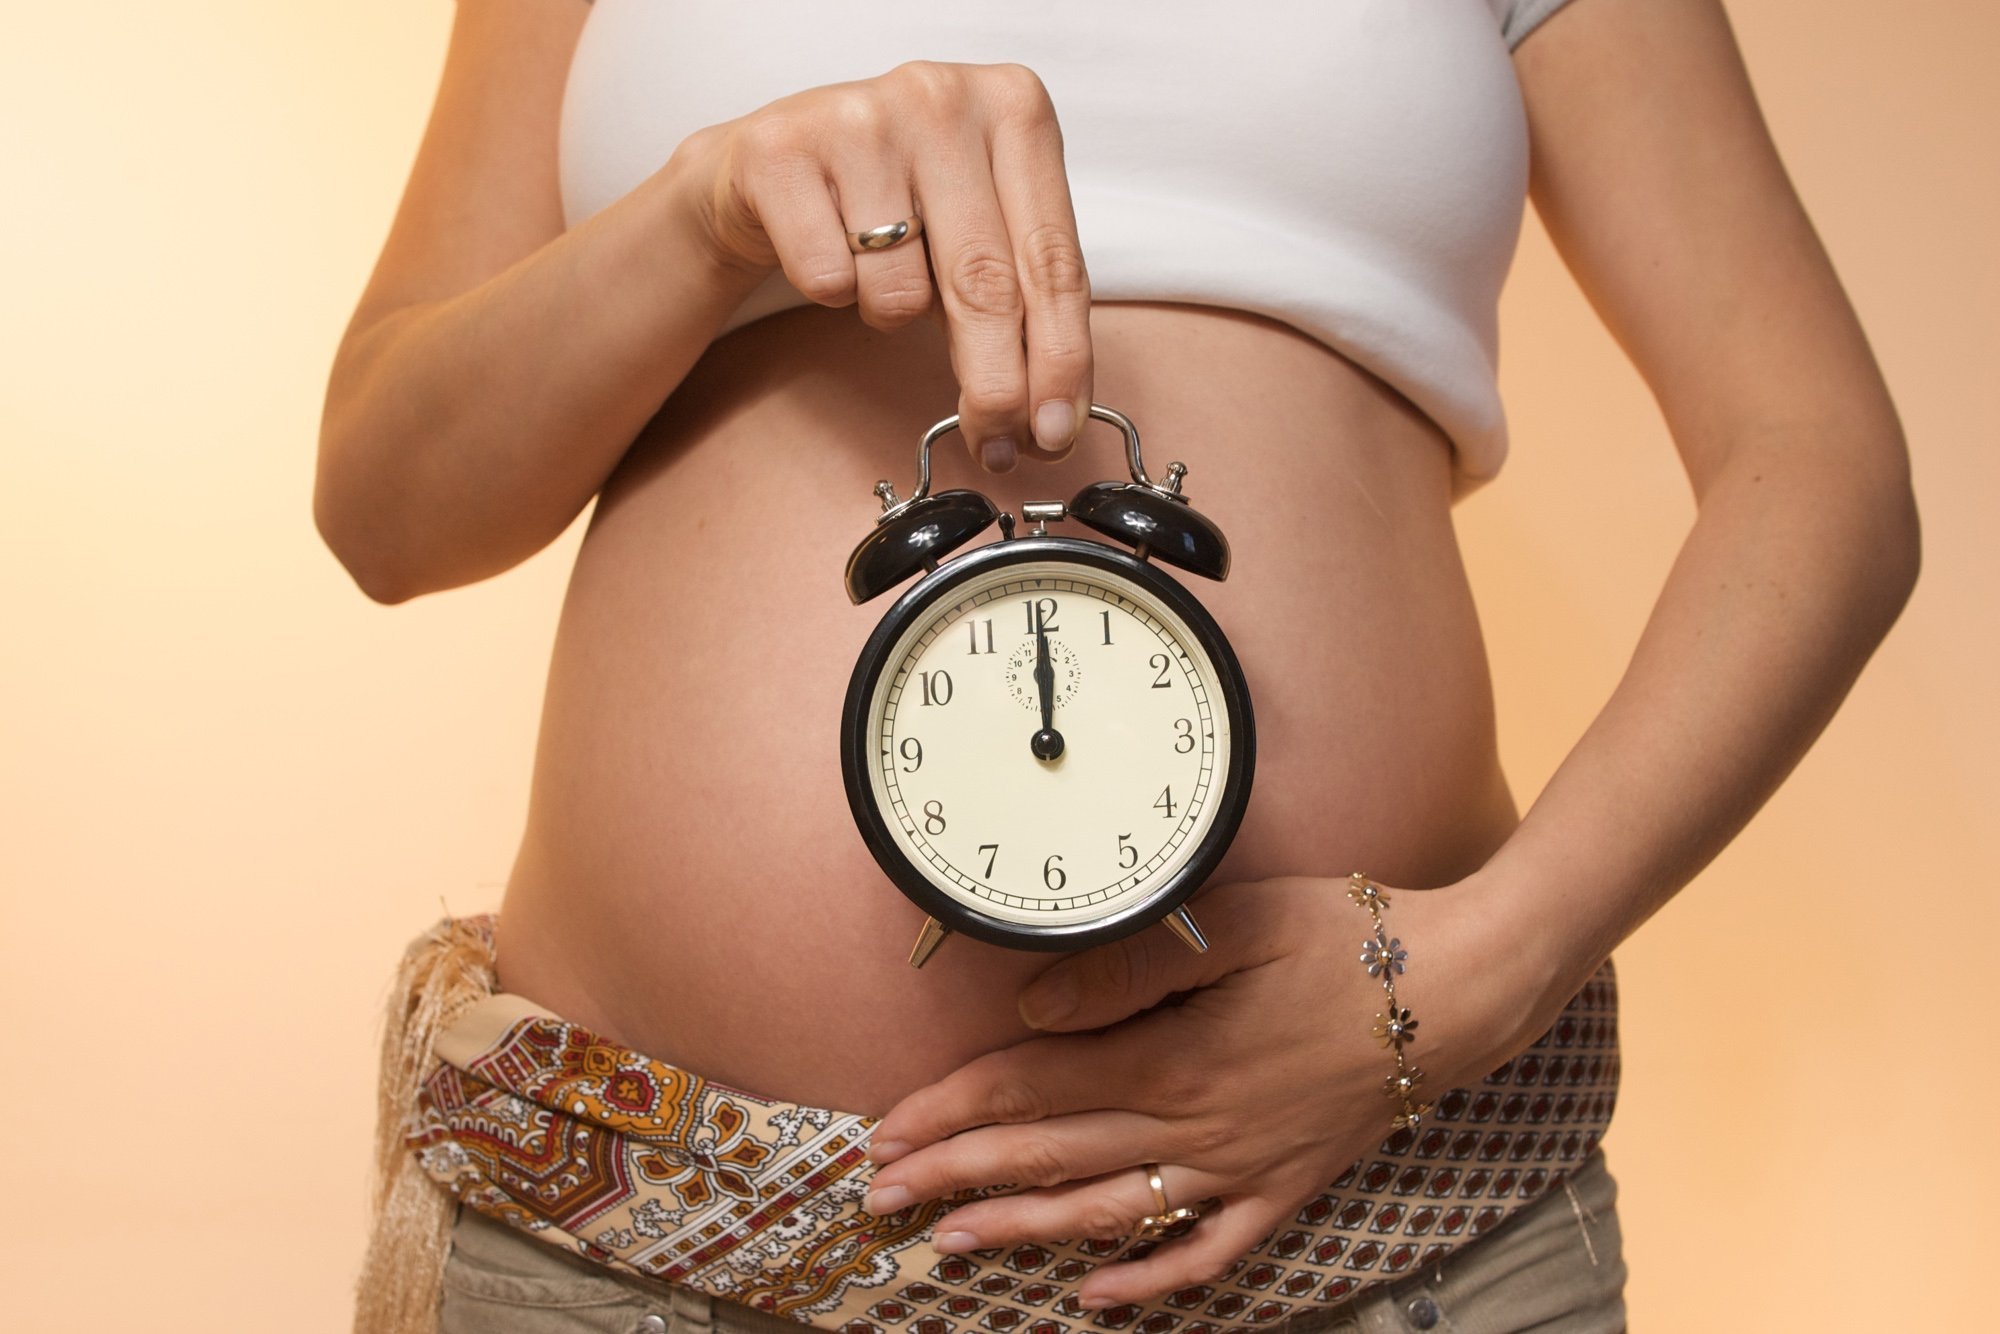 26 неделя схватки. Картинки беременных женщин. Беременный живот и часы.
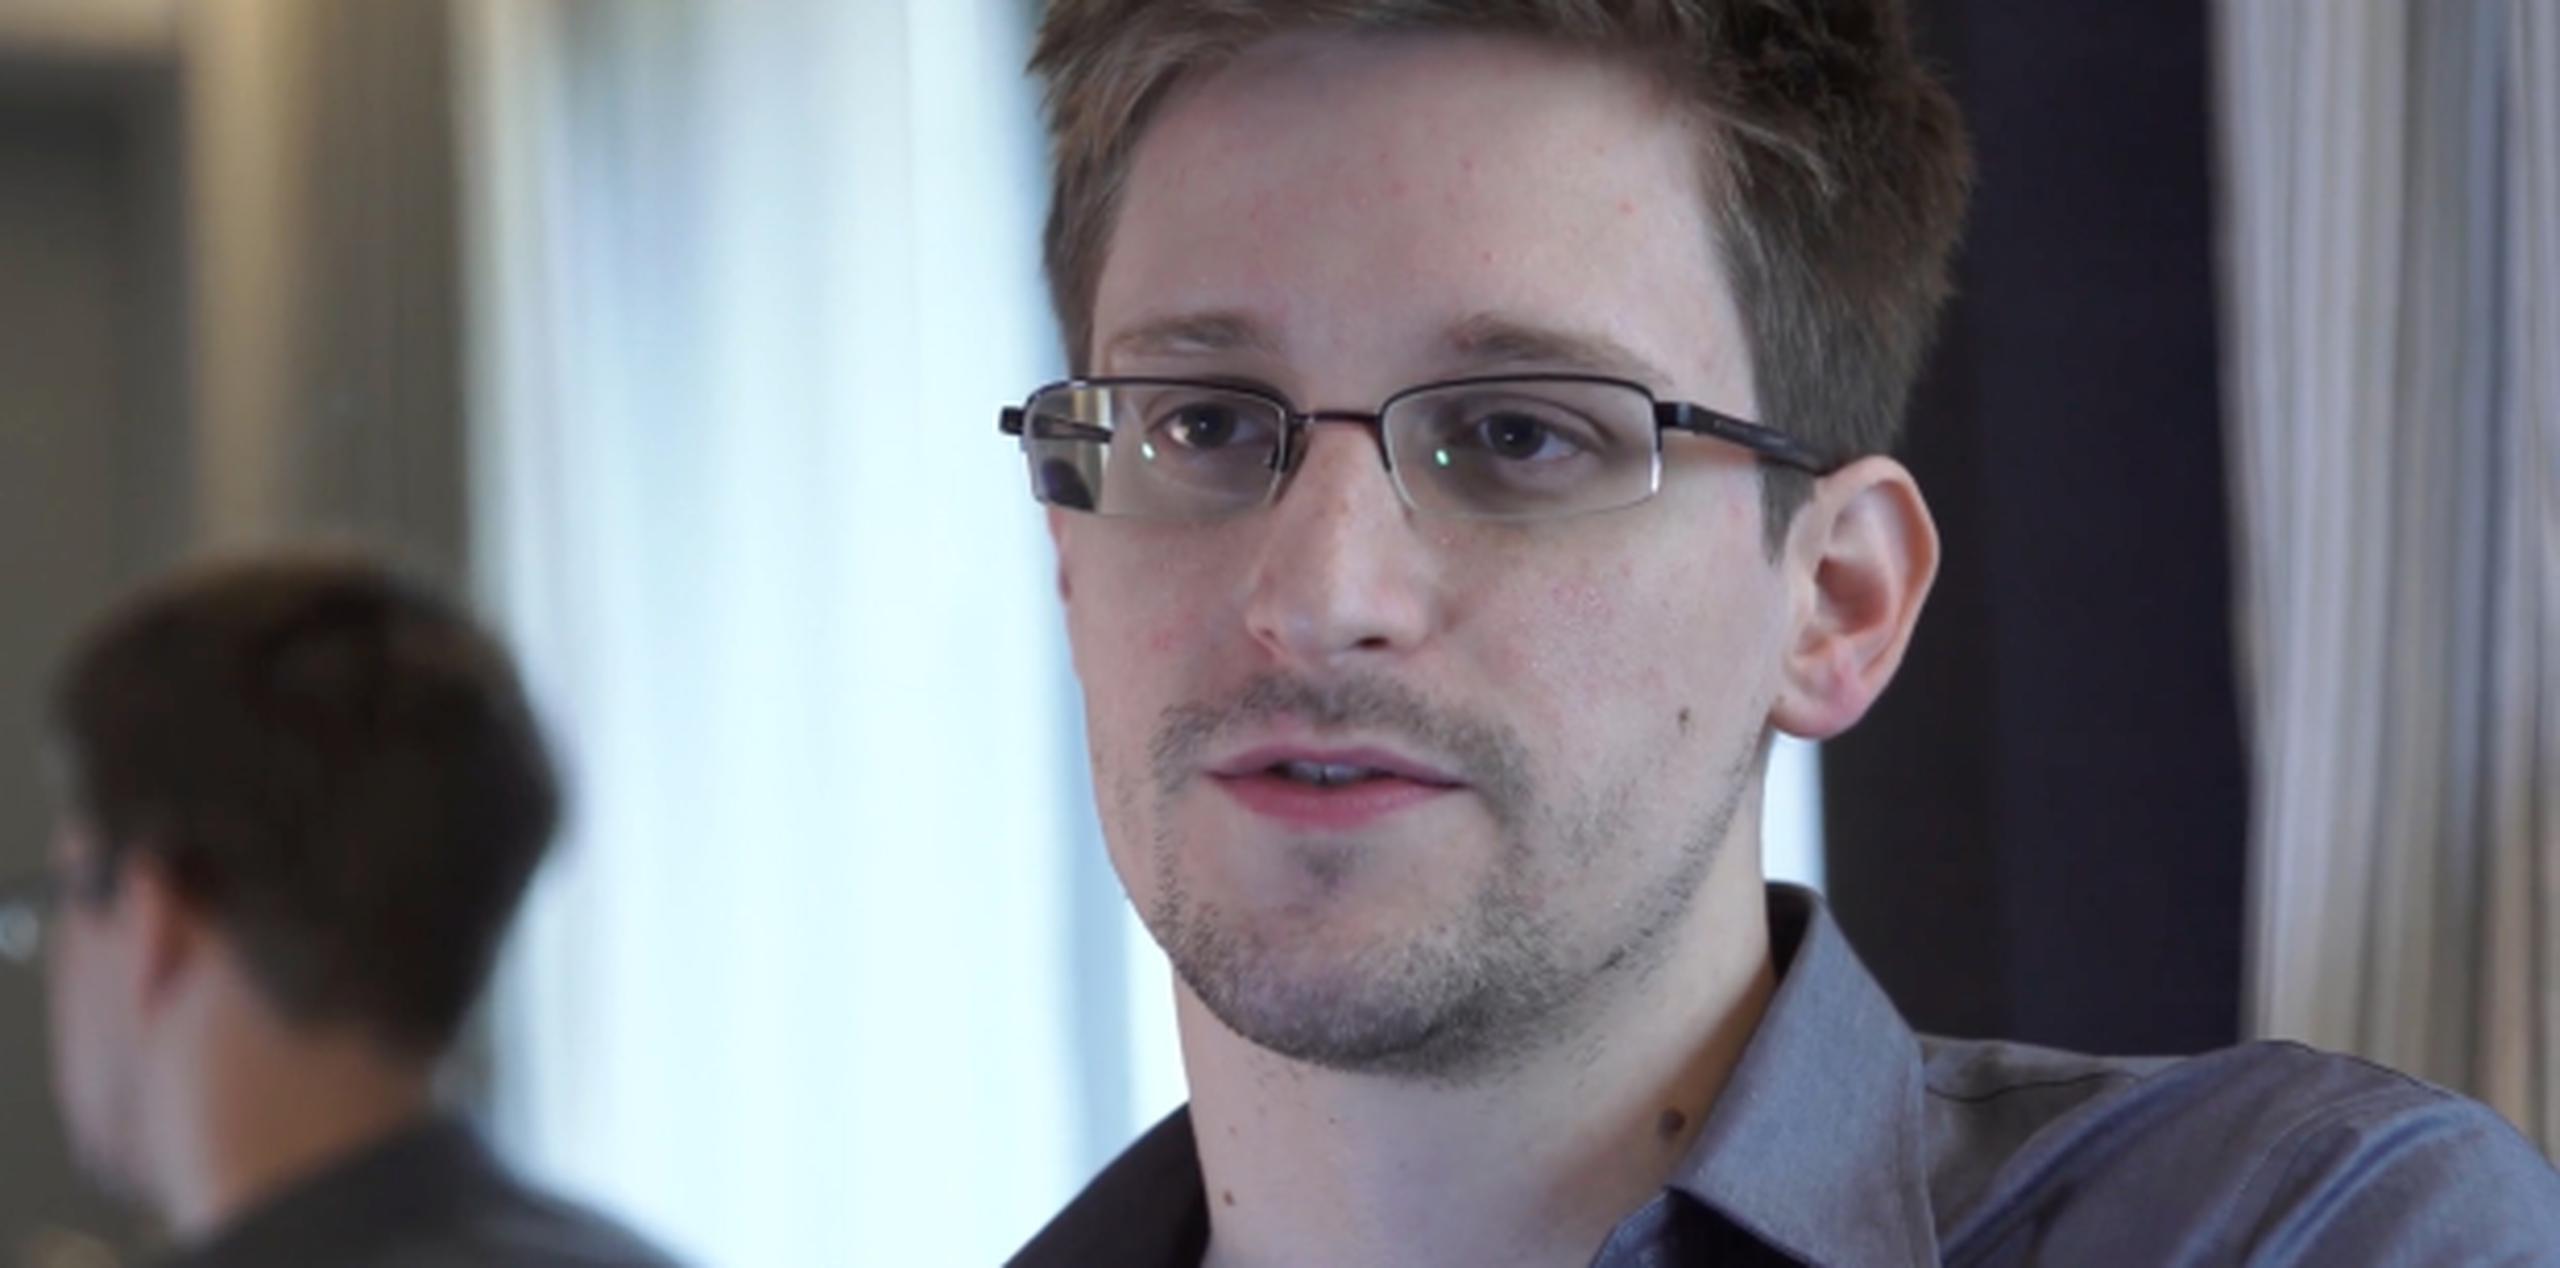 Snowden, que presuntamente se encuentra en el área de tránsito del aeropuerto de Moscú desde el 23 de junio, solicitó asilo temporal a Rusia la semana pasada. (Archivo)
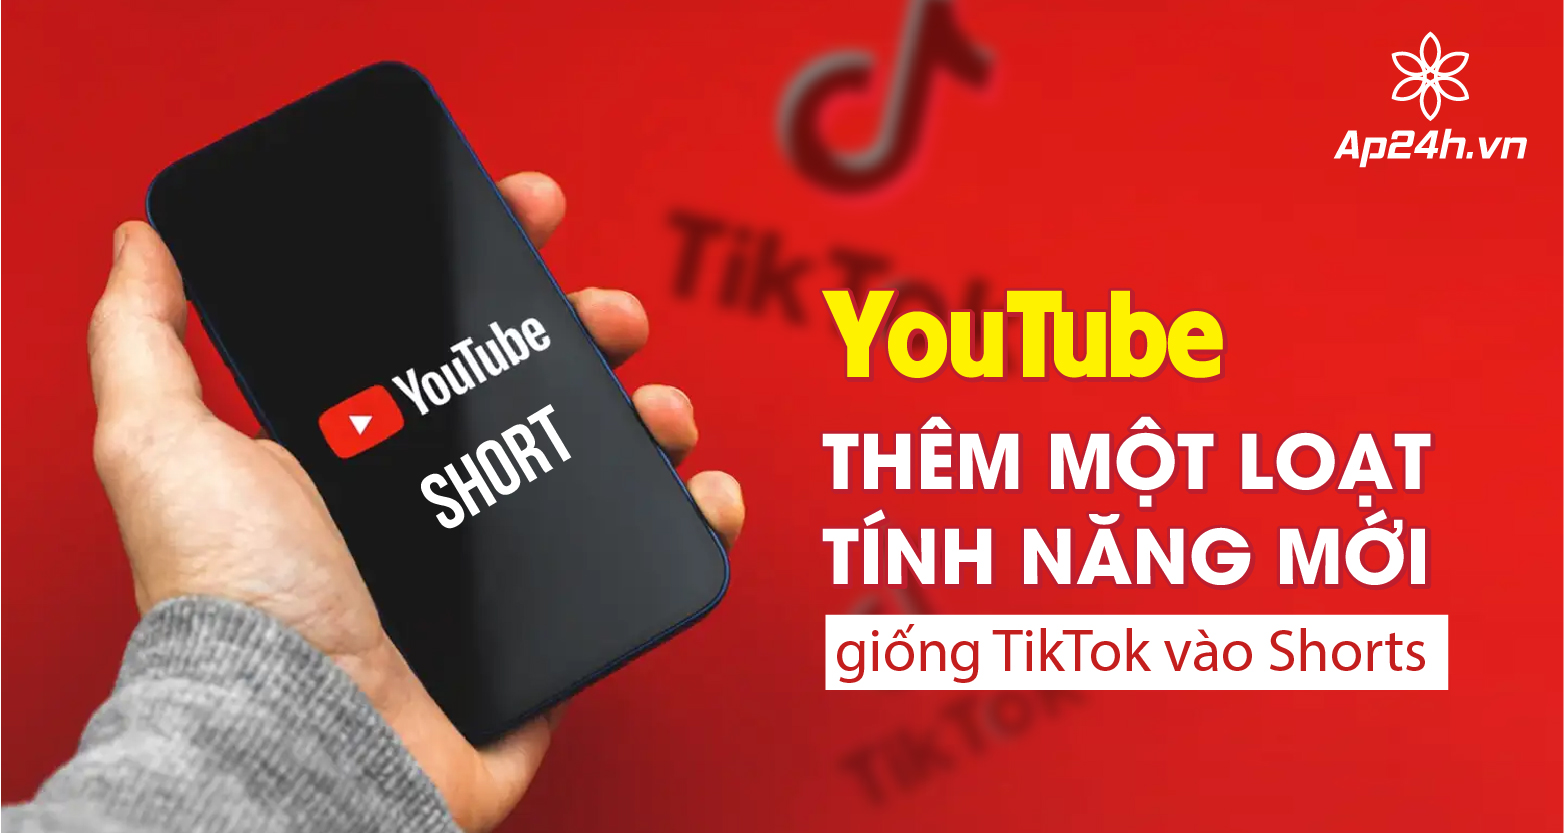 YouTube thêm một loạt tính năng mới giống TikTok vào Shorts
=-=-=
Take the lines from the one holding "Snowden, que presuntamente" through the last line of the data above and copy them exactly, both ends included, omitting all pictures.

● **Response for this exercise**:
 Snowden, que presuntamente se encuentra en el área de tránsito del aeropuerto de Moscú desde el 23 de junio, solicitó asilo temporal a Rusia la semana pasada. (Archivo)
 YouTube thêm một loạt tính năng mới giống TikTok vào Shorts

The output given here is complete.